Glycoprotein 130 Antagonism Counteracts Metabolic and Inflammatory Alterations to Enhance Right Ventricle Function in Pulmonary Artery Banded Pigs

Right ventricular dysfunction (RVD) is a risk factor for death in multiple cardiovascular diseases, but RV-enhancing therapies are lacking. Inhibition of glycoprotein-130 (GP130) signaling with the small molecule SC144 improves RV function in rodent RVD via anti-inflammatory and metabolic mechanisms. However, SC144's efficacy and molecular effects in a translational large animal model of RVD are unknown.

GP130 antagonism blunts elevated immune cell abundance, reduces pro-inflammatory gene transcription in macrophages and lymphocytes, rebalances autophagy and preserves fatty acid metabolism in cardiomyocytes, and restores endothelial cell and pericyte communication to improve RV function.

4-week-old castrated male pigs underwent pulmonary artery banding (PAB).
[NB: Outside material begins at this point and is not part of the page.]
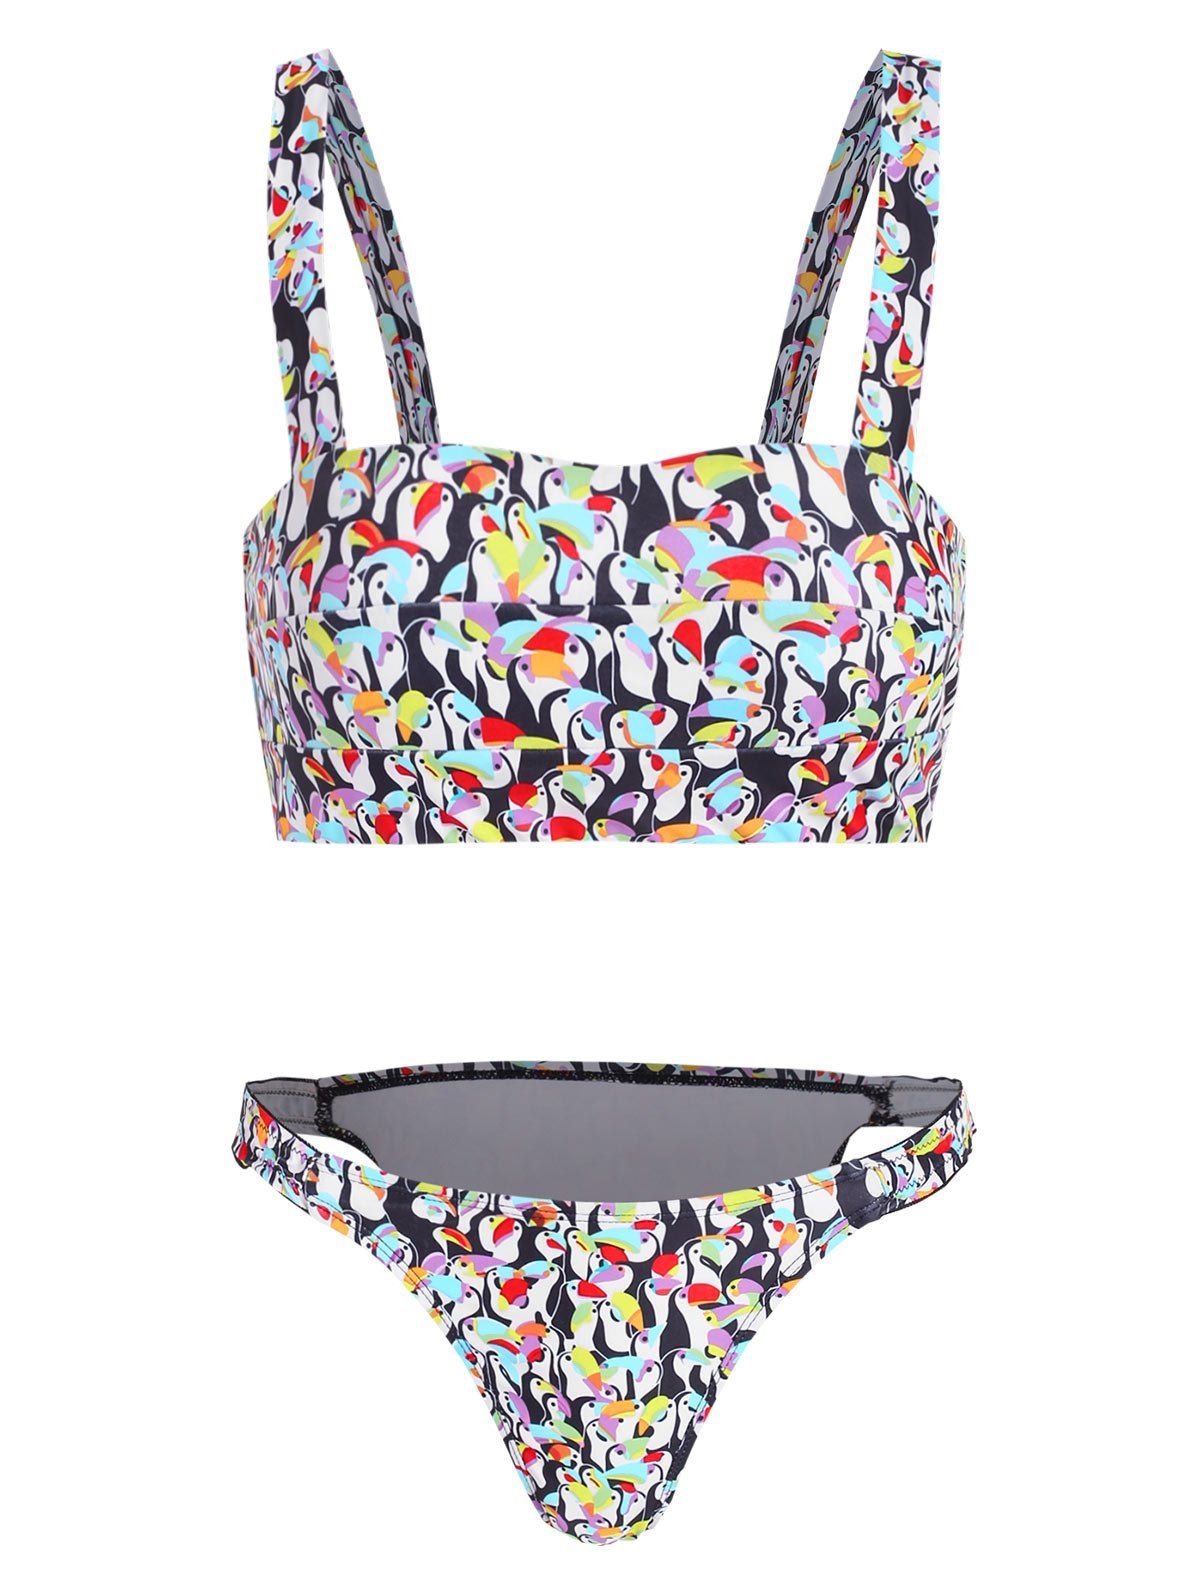 Penguin Print Bralette Bikini Set - COLORMIX XL

After 3 weeks, PAB pigs were randomized into 2 groups (daily injections of SC144 [2.2 mg/kg, PAB-SC144, n=5] or vehicle [PAB-Veh, n=5] for 3 weeks). Five age-matched pigs served as controls. Cardiac MRI quantified RV size/function. Right heart catheterization evaluated hemodynamics. Single-nucleus RNA sequencing delineated cell-type specific changes between experimental groups. Electron microscopy evaluated RV mitochondrial morphology. Phosphoproteomics identified dysregulated RV kinases. Lipidomics and metabolomics quantified lipid species and metabolites in RV tissue. Quantitative proteomics examined RV mitochondrial protein regulation.
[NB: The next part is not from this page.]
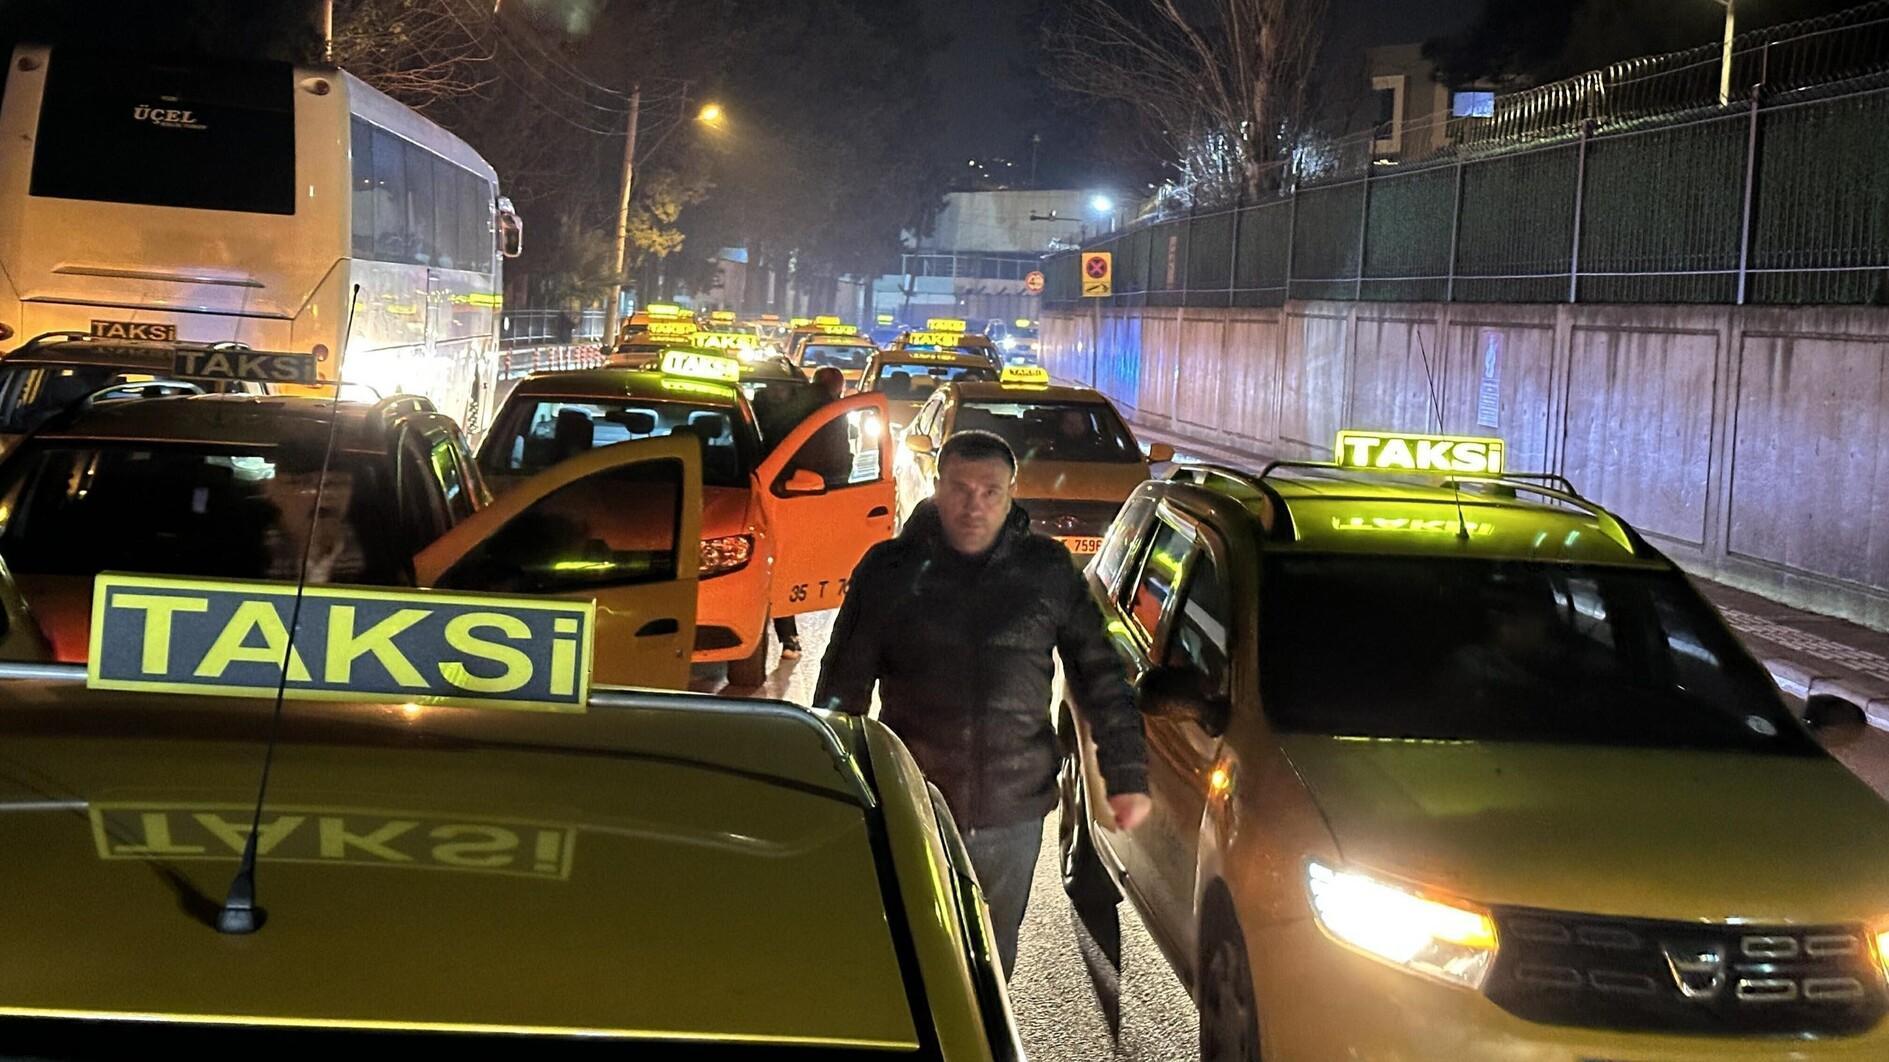 Moord op taxichauffeur in İzmir leidt tot publieke verontwaardiging

SC144 significantly improved RV ejection fraction (Control: 60±4%, PAB-Veh: 22±10%, PAB-SC144: 37±6%) despite similar RV afterload. Single-nucleus RNA sequencing demonstrated PAB-Veh pigs had lower cardiomyocyte and higher macrophage/lymphocyte/pericyte/endothelial cell abundances as compared to control, and many of these changes were blunted by SC144. SC144 combatted the downregulation of cardiomyocyte metabolic genes induced by PAB. Kinome enrichment analysis suggested SC144 counteracted RV mTORC1 activation. Correspondingly, SC144 rebalanced RV autophagy pathway proteins and improved mitochondrial morphology. Integrated lipidomics, metabolomics, and proteomics analyses revealed SC144 restored fatty acid metabolism. Finally, CellChat analysis revealed SC144 restored pericyte-endothelial cell cross-talk.